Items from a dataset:

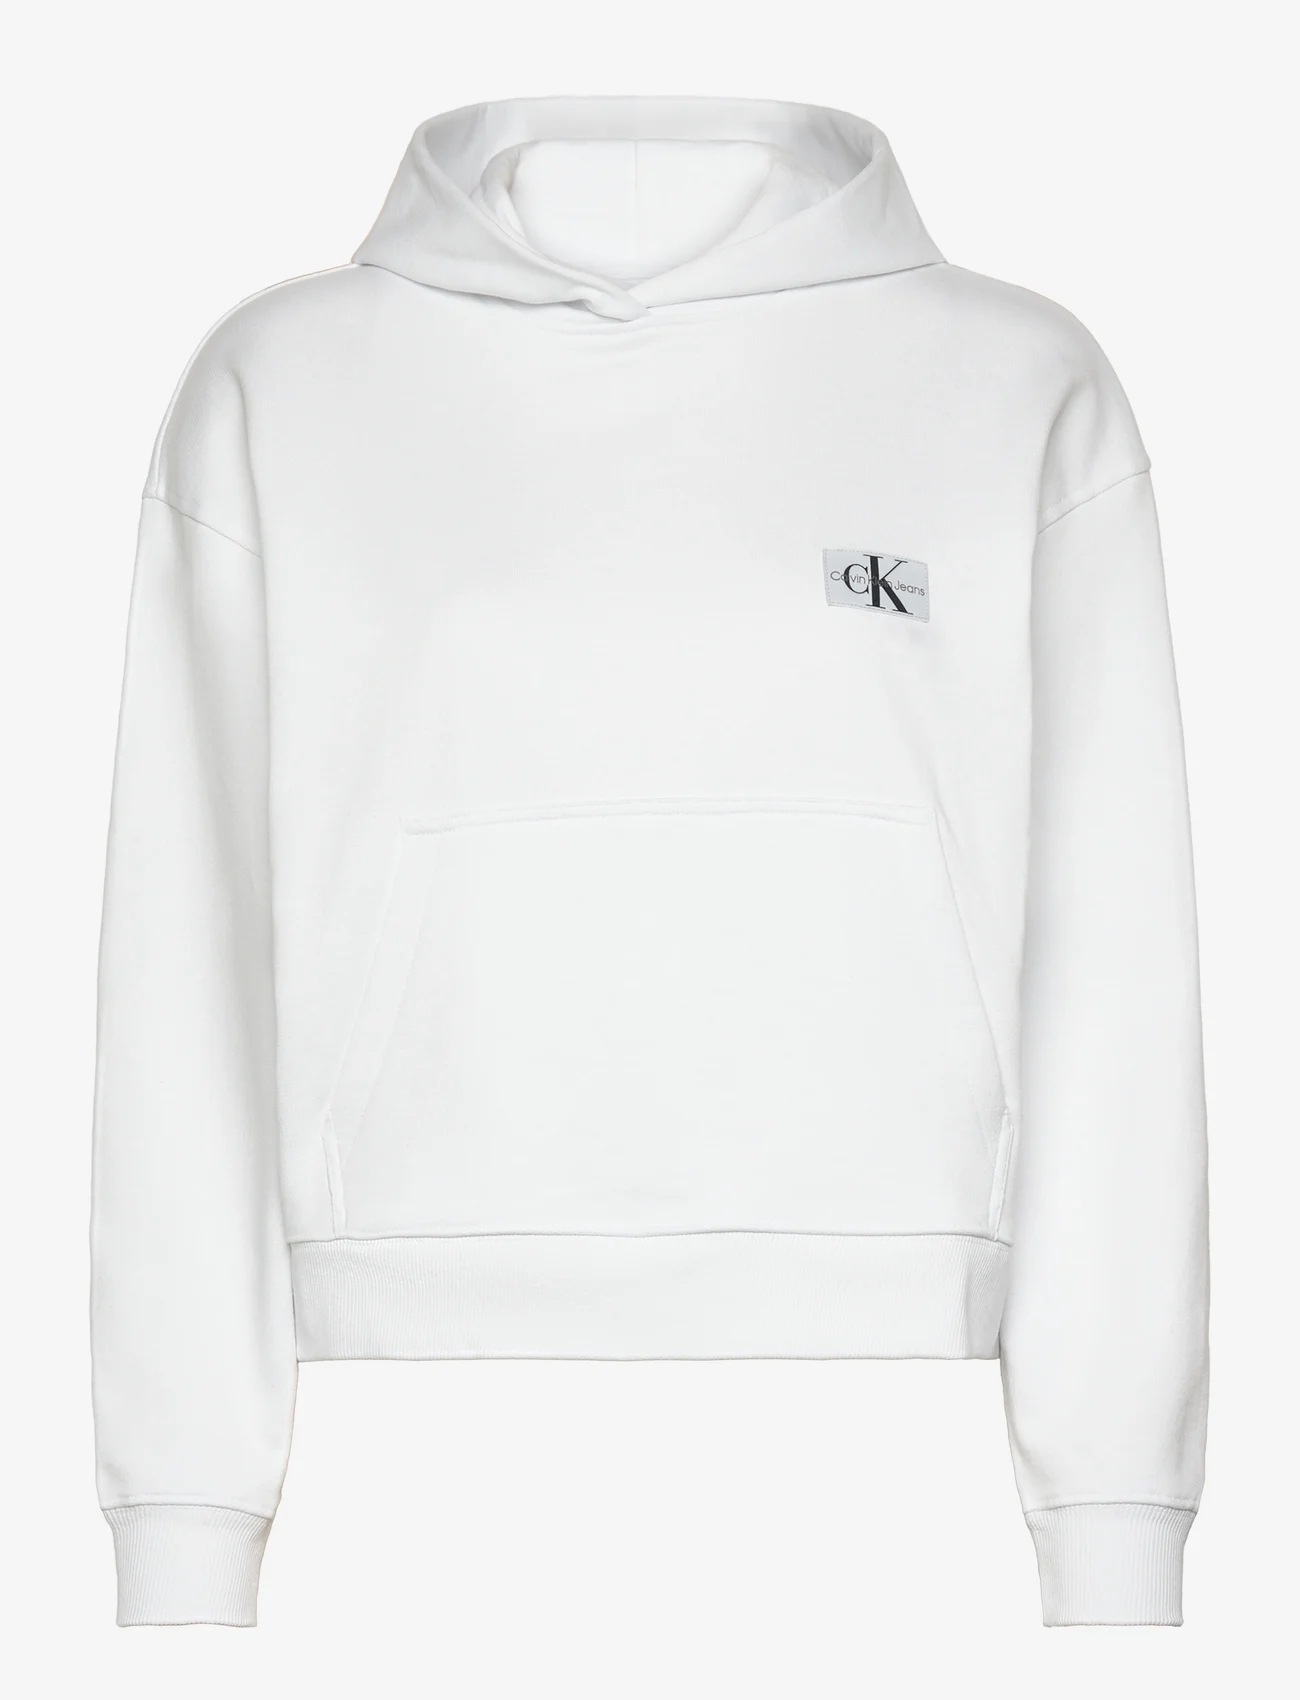 Calvin Klein Jeans - WOVEN LABEL HOODIE - hoodies - bright white - 0
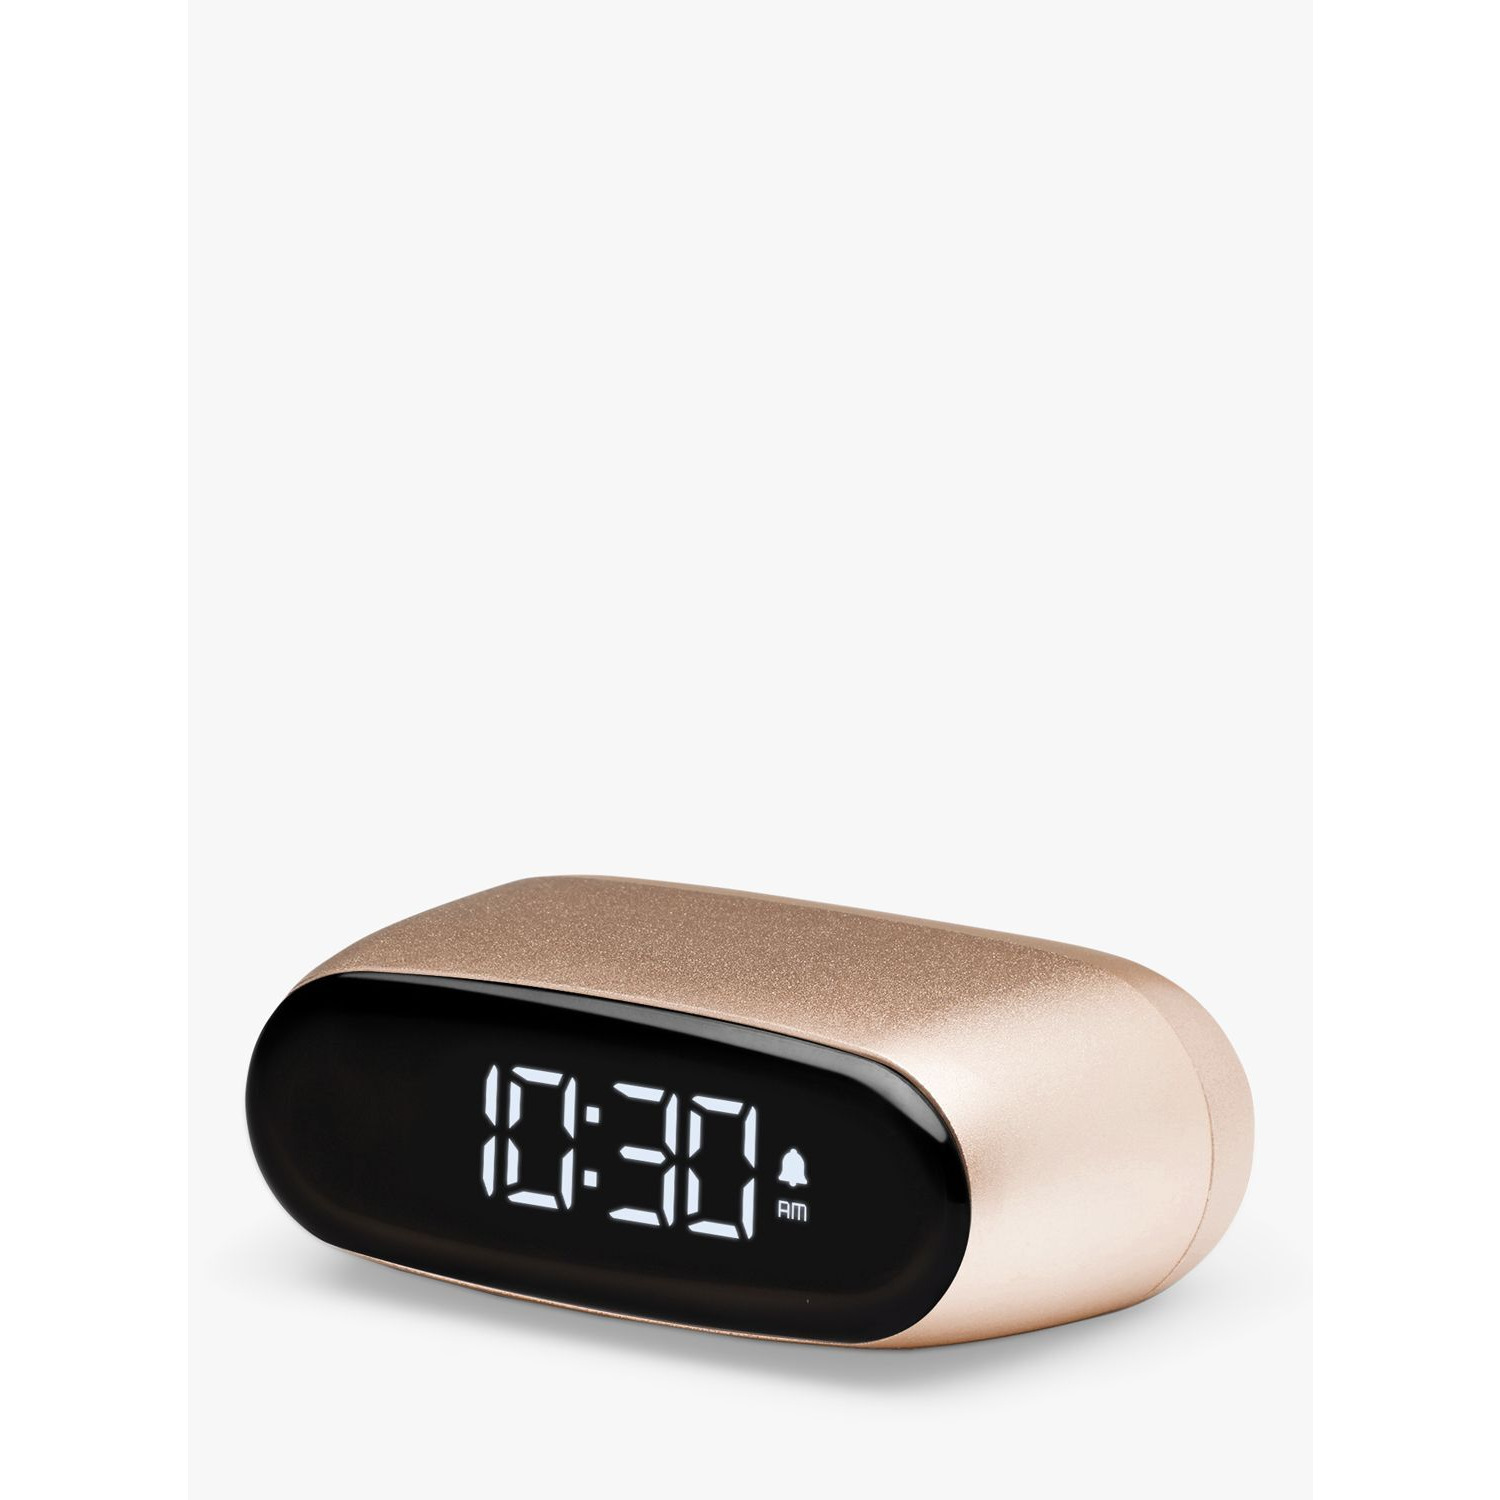 Lexon Minut LCD Digital Alarm Clock - image 1
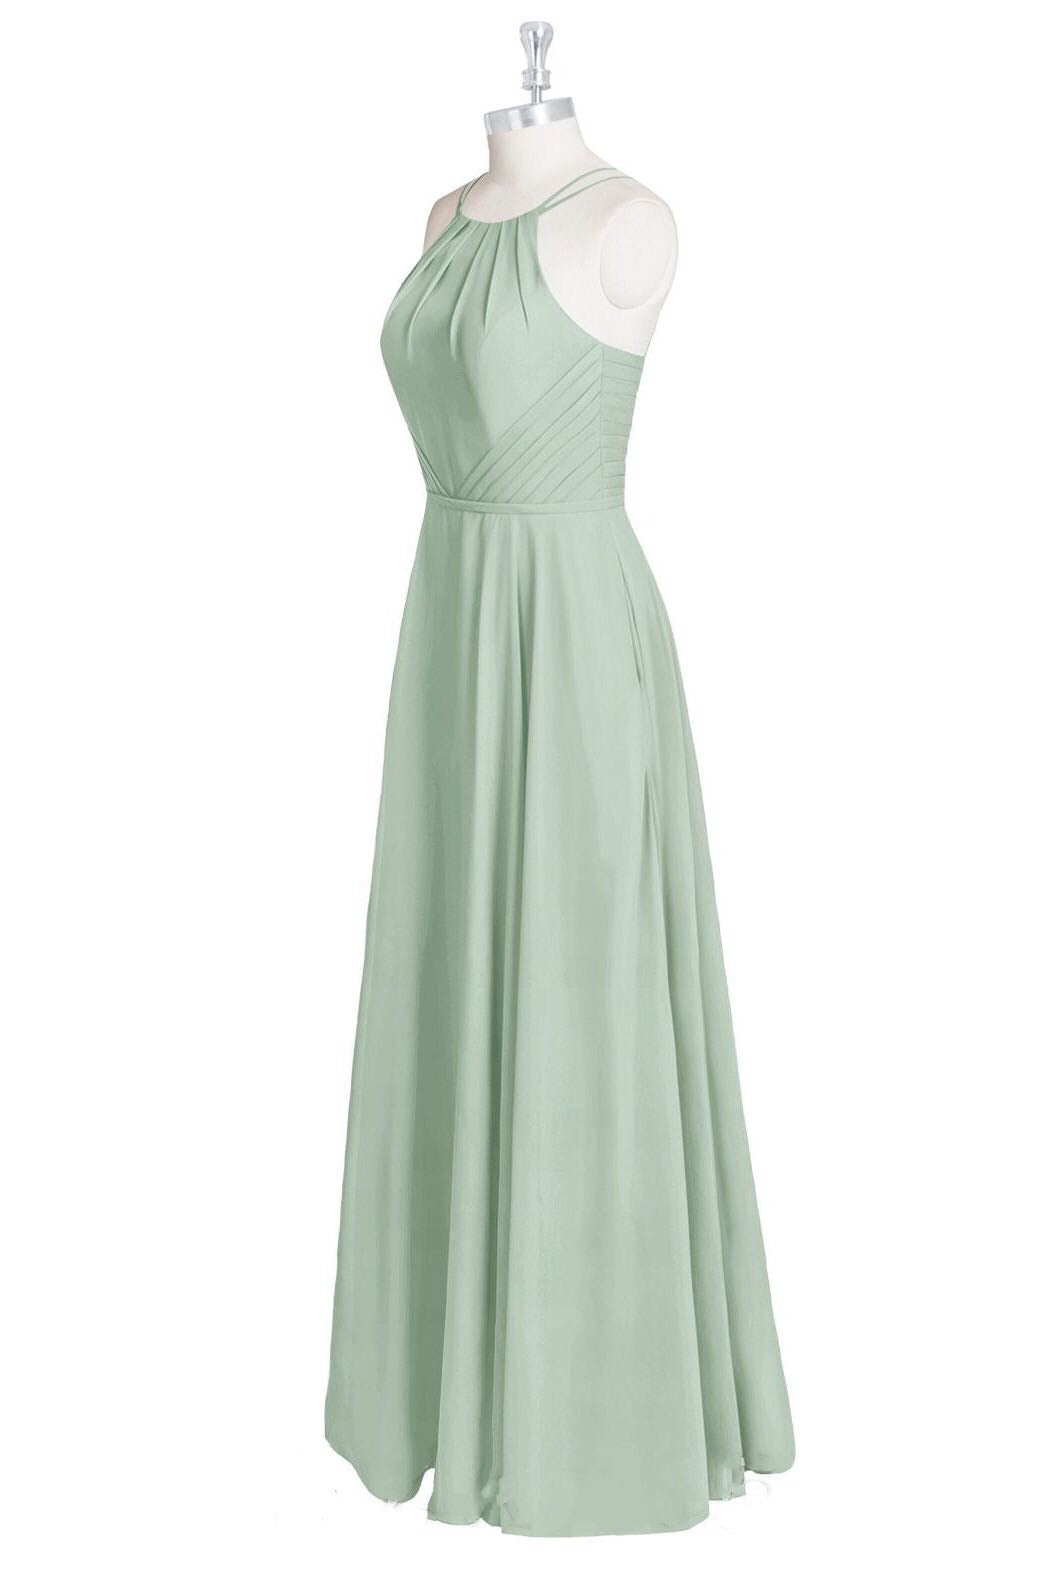 Sage Green Chiffon Halter A-Line Long Bridesmaid Dress
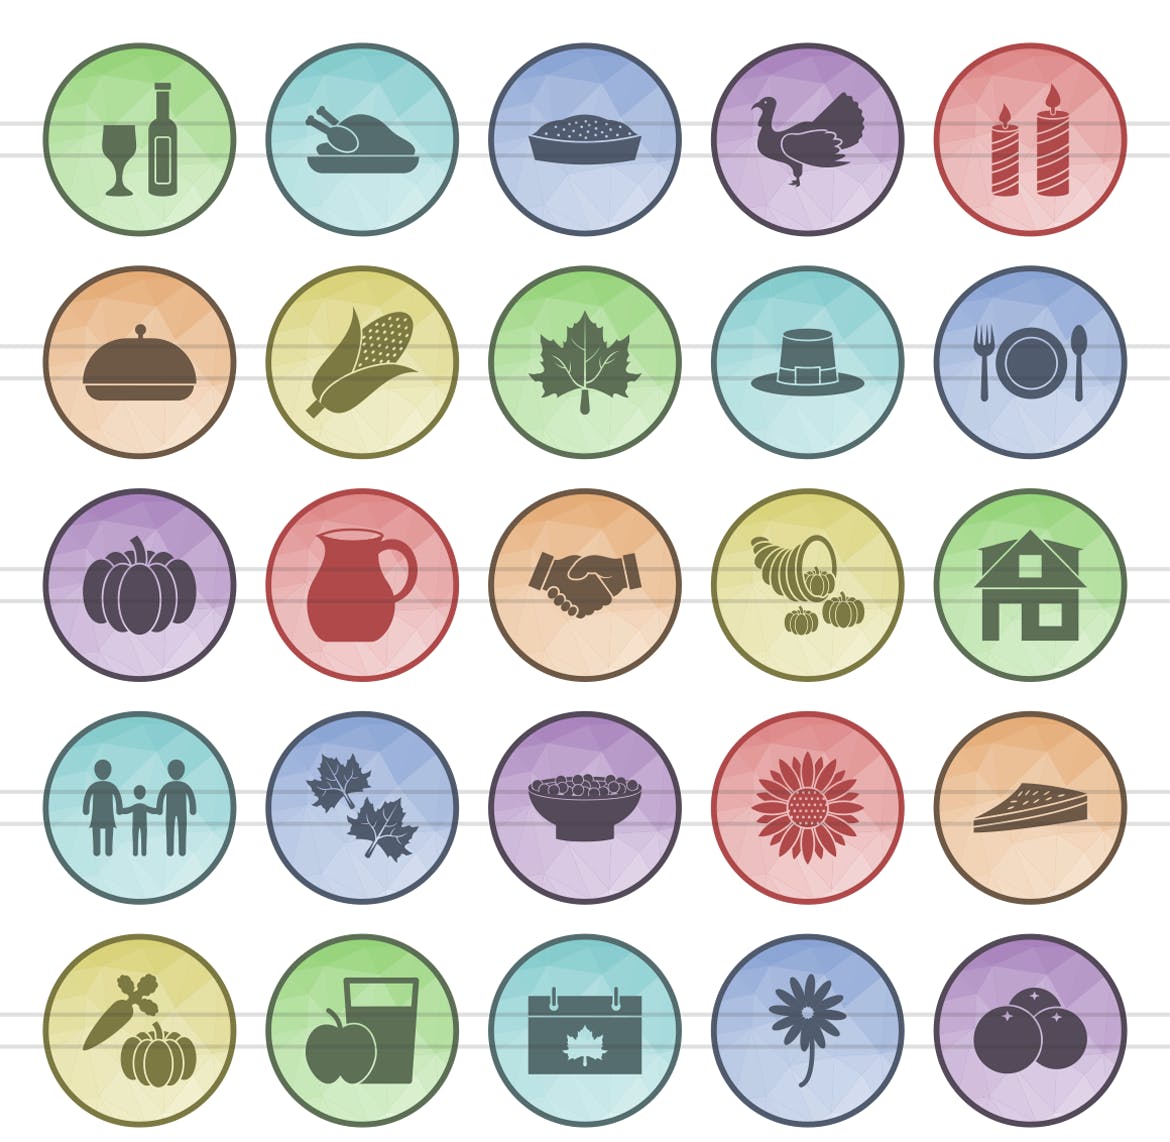 50枚感恩节主题圆形亿图网易图库精选图标素材 50 Thanksgiving Filled Low Poly Icons插图(1)
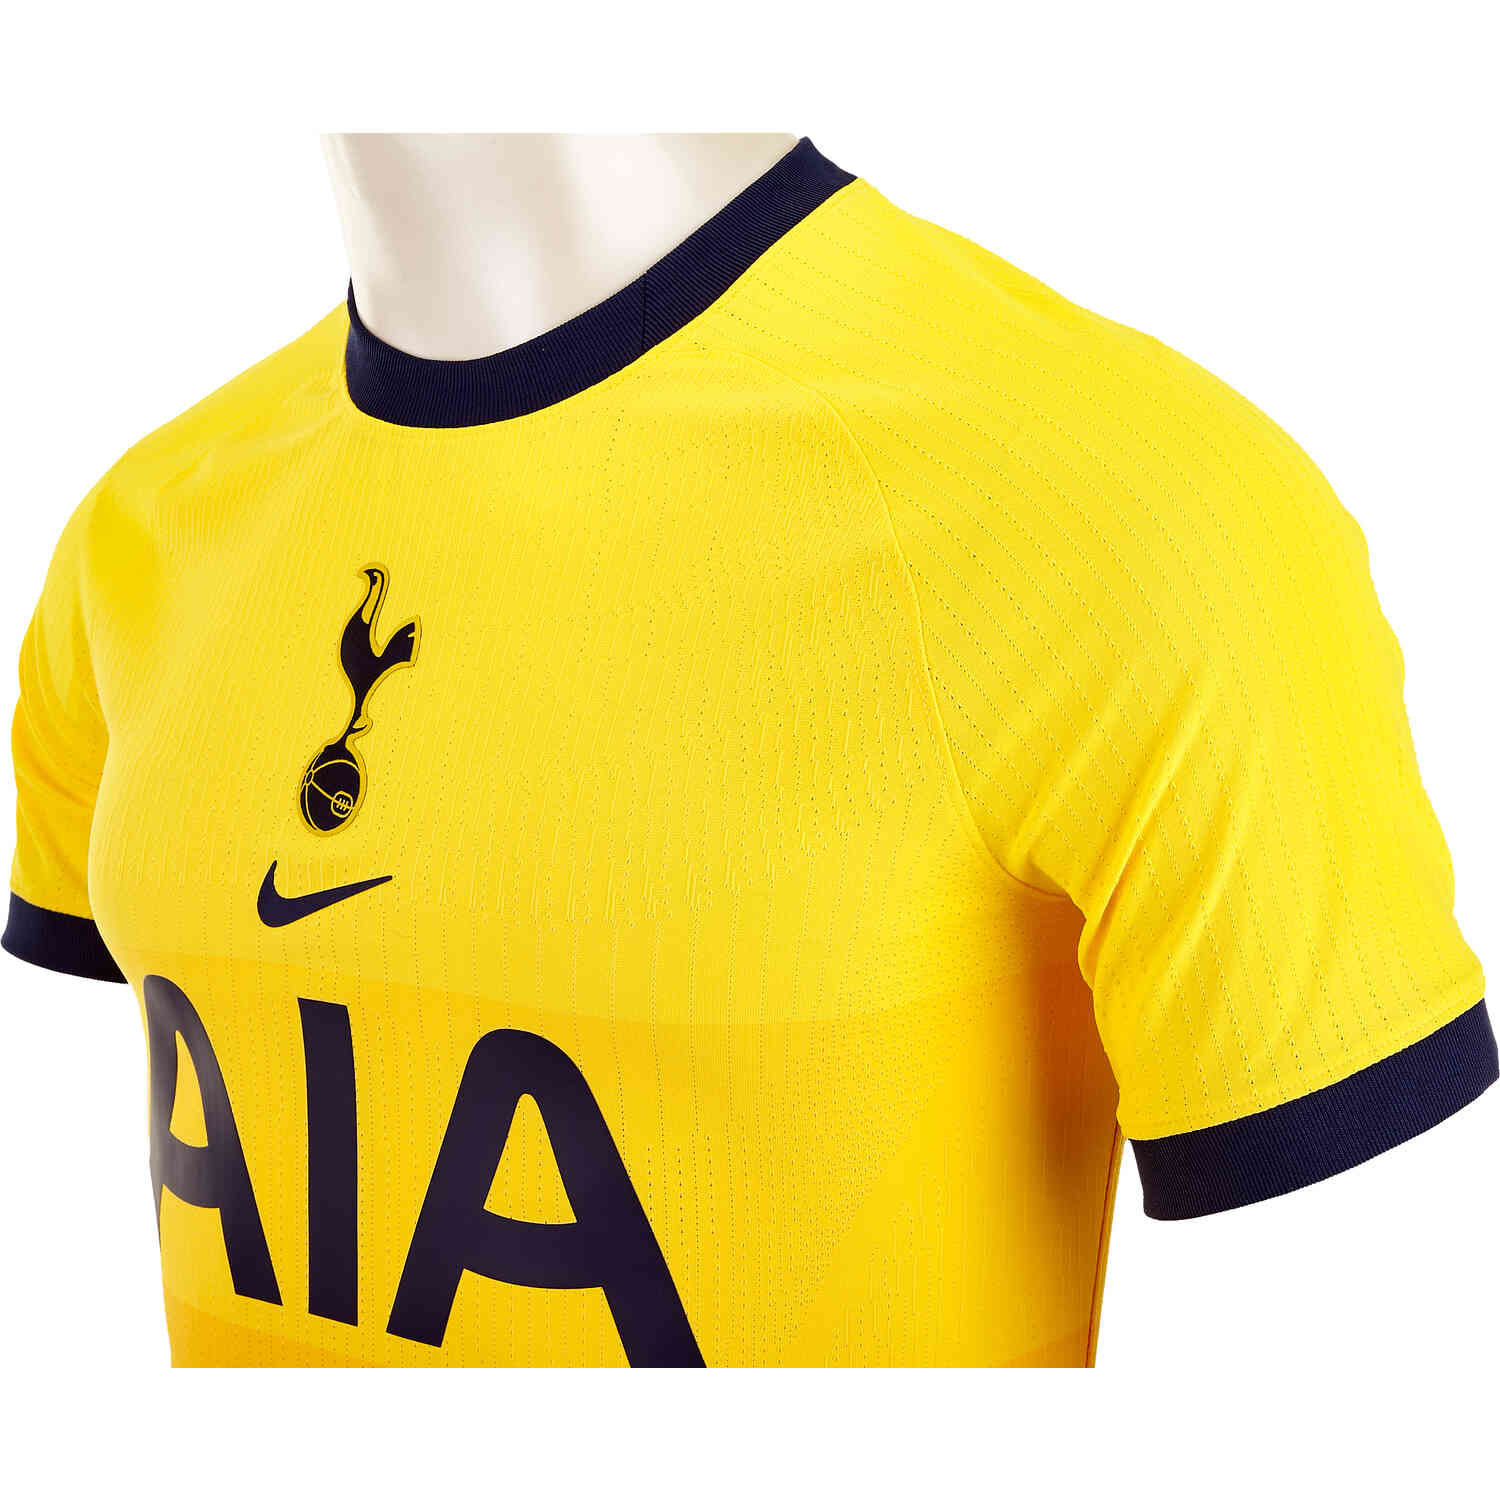 Tottenham Hotspur Release 2020-21 Home & Away Kits - Pursuit Of

▶ What the exercise asks
Each line from the one containing "50枚感恩节主题圆形亿图网易图库精选图标素材 50 Thanksgiving" down to the final line of the records above must be reproduced exactly; no pictures go into the copy.

▶ Solution for this task
 50枚感恩节主题圆形亿图网易图库精选图标素材 50 Thanksgiving Filled Low Poly Icons插图(1)
 Tottenham Hotspur Release 2020-21 Home & Away Kits - Pursuit Of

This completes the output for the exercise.